Przypomniał, że św. Franciszek powtarzał: miejcie się na baczności wobec kłopotów tego świata.

- Zbytnie zatroskanie o problemy tego świata powoduje, że tracimy Pana z oczu, nawet gdy jest bardzo blisko. Czy poznałem Jezusa? Czy codziennie Go poznaję? W jaki sposób zobaczyć, że przestałem Go szukać? To proste – wtedy, gdy Jego osoba przestaje mnie zaskakiwać, fascynować - oświadczył o. Brzyski.

Podkreślił, że franciszkanie mają być zjednoczeni w pełnieniu woli Bożej. Wspólne dążenie do tego, aby pełnić wolę Bożą czyni ich braćmi.

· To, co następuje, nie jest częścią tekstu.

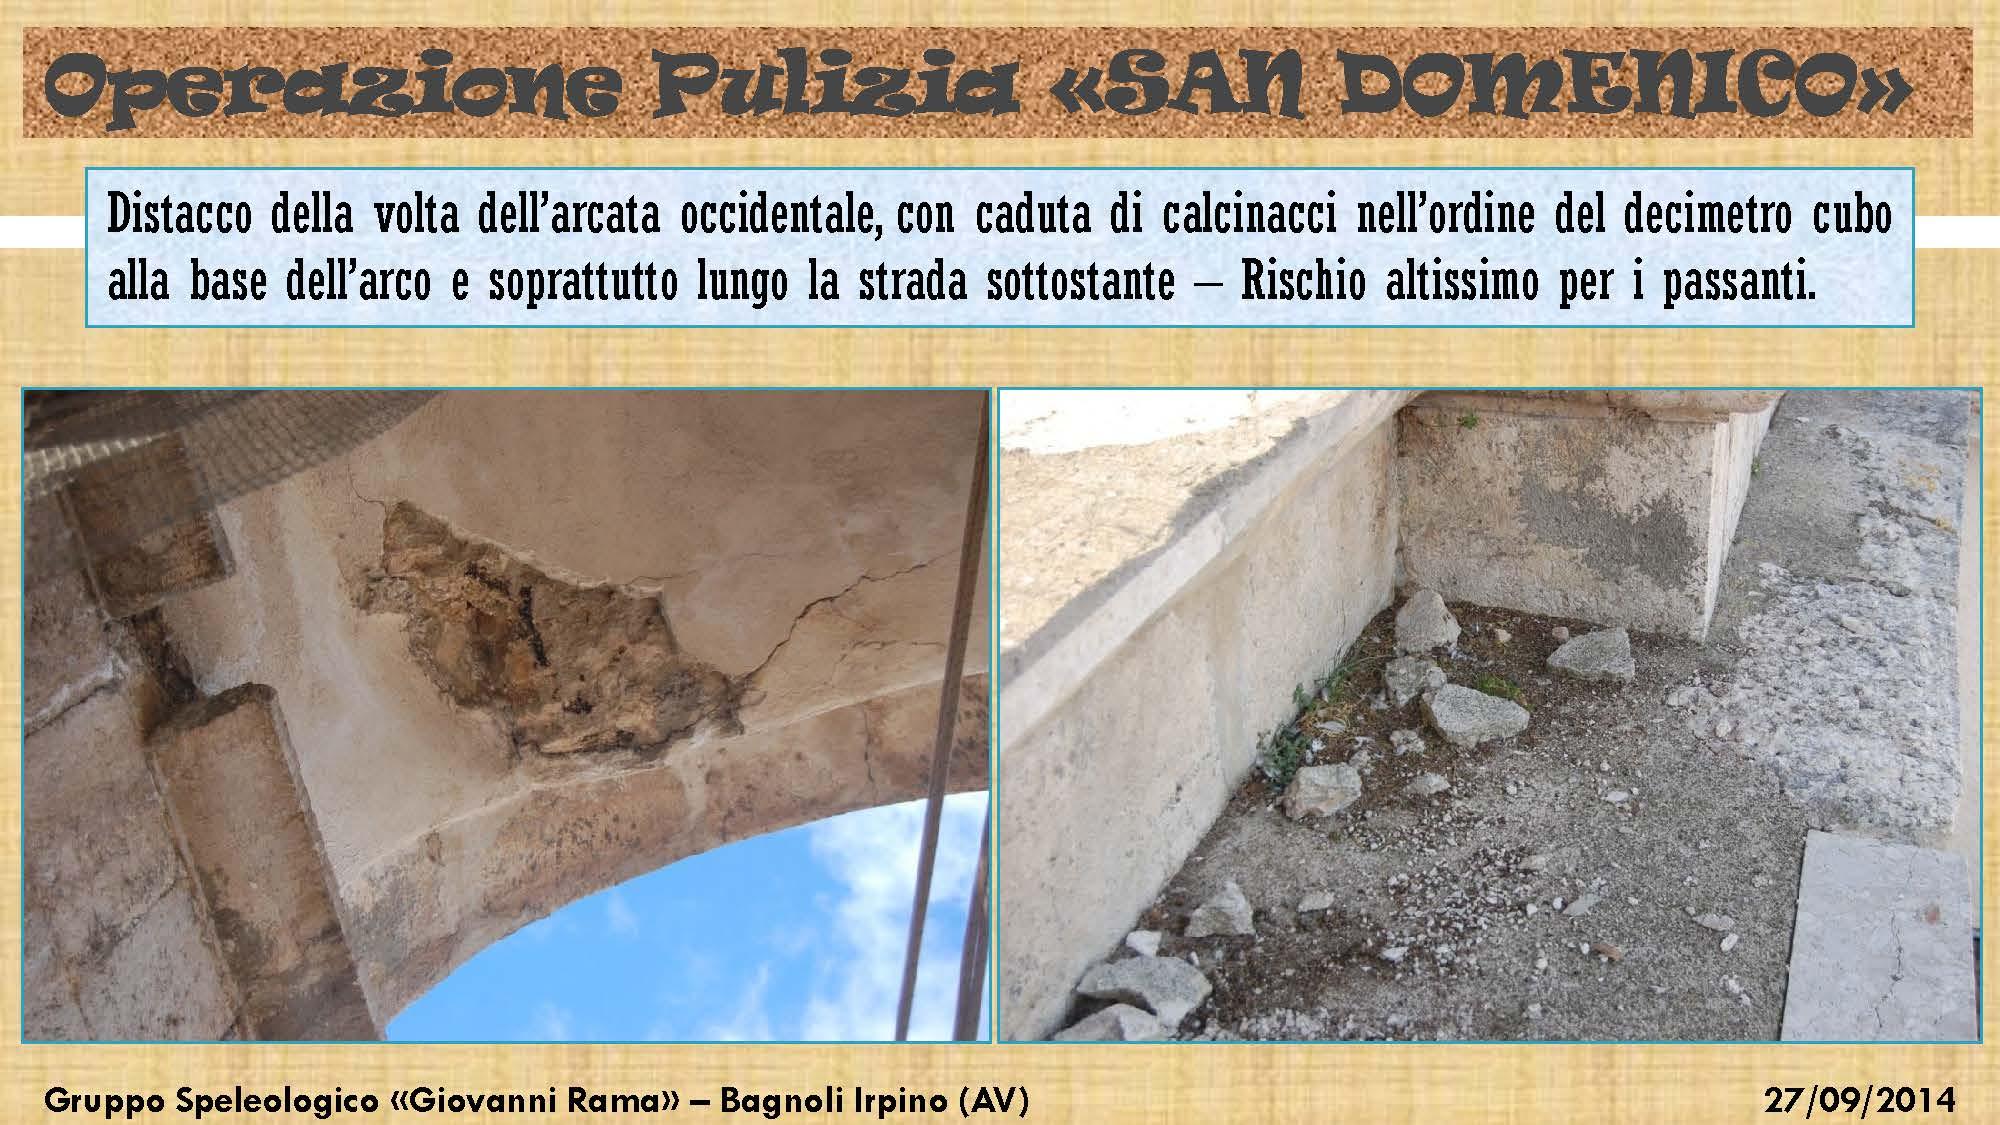 Bagnoli-Pulizia-San-Domenico-2014_Pagina_13
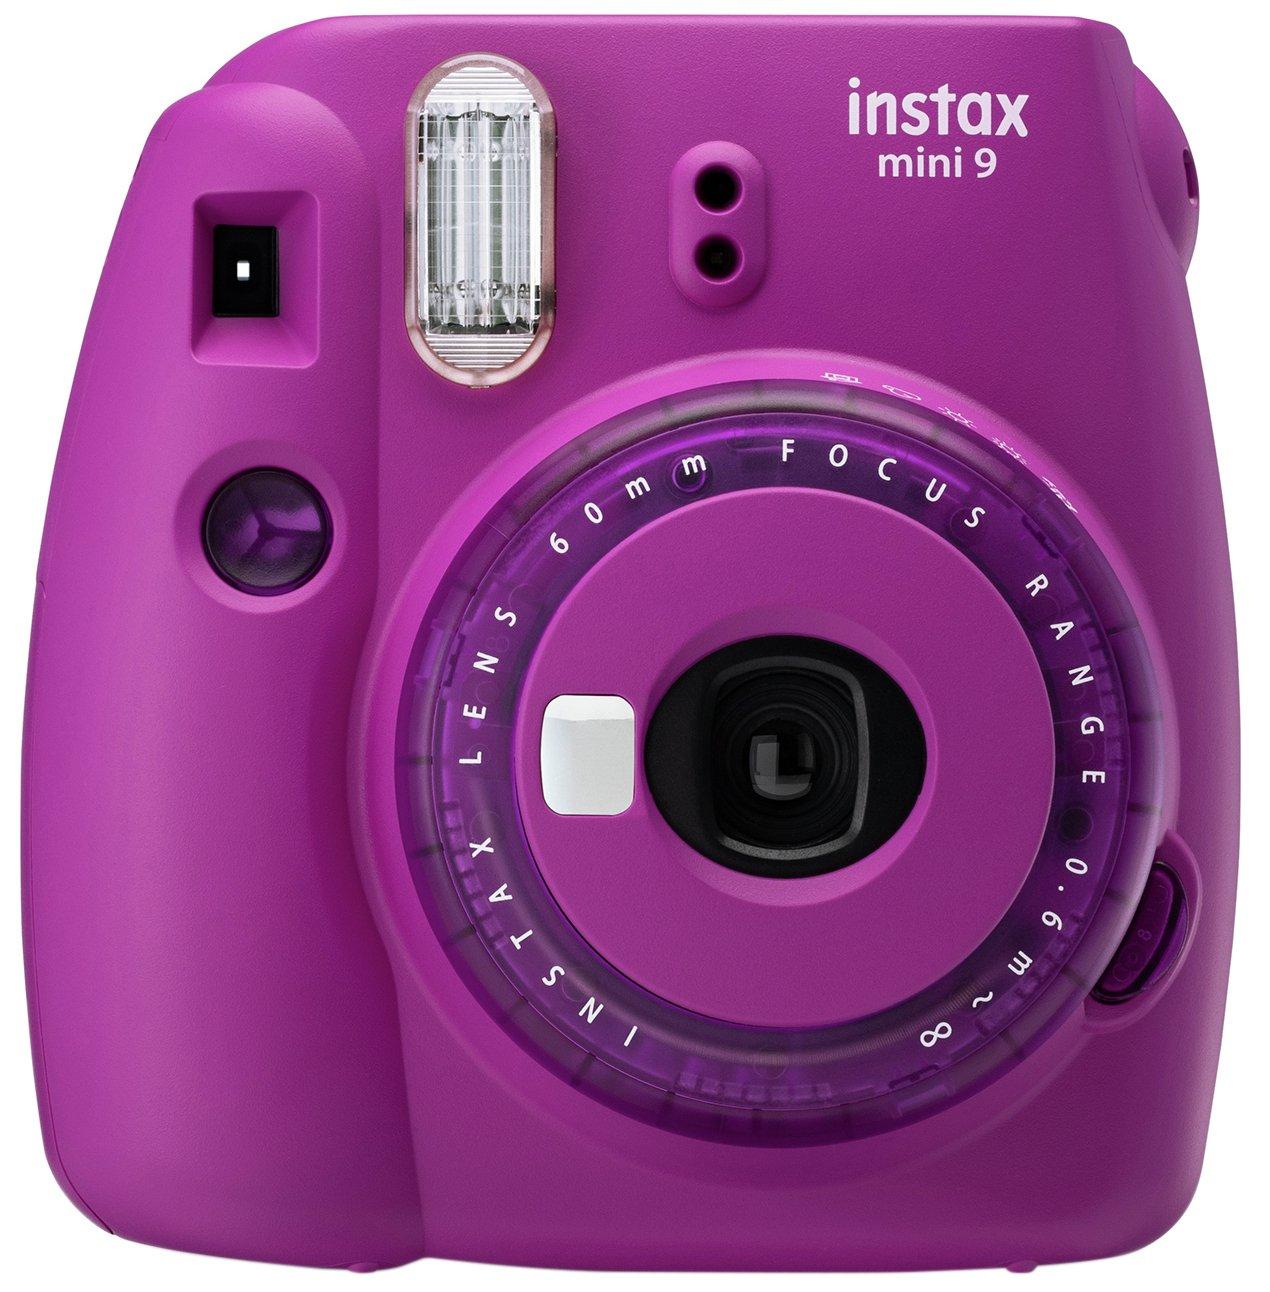 Instax Mini 9 Instant Camera - White / Pale Blue / Purple / Pink / Yellow - £44.99 @ Argos

- Nie musi być miło i przyjemnie, nie musimy być świetnymi towarzyszami, może niejedno zgrzytać. Gdy jednak będziemy przekonani, że podejmujemy wolę Bożą, możemy być spokojni, że wszystko jest na swoim miejscu - przekonywał o. Alan.

Zwrócił uwagę, że Ewangelię głosi się bardzo łatwo, o wiele trudniej się ją czyta i medytuje, a jeszcze trudniej podejmuje się życie według niej.

- Trudno czasami nam chodzić na zewnątrz w habicie, by się nie okazało, że nie zawsze jesteśmy ewangeliczni. Pojawienie się we współczesnym społeczeństwie w stroju zakonnym może budzić skrajne emocje, ale to też okazja do zweryfikowania mojego wyboru, który podjąłem kiedyś, a który podejmuje codziennie - mówił franciszkanin.

Zachęcał braci, którzy złożyli śluby wieczyste, aby na wspomnienie o tej uroczystości odnosili się do rzeczywistości duchowej, aby bardziej żyć według Ewangelii Chrystusowej, która fascynuje, pociąga i czyni ich braćmi.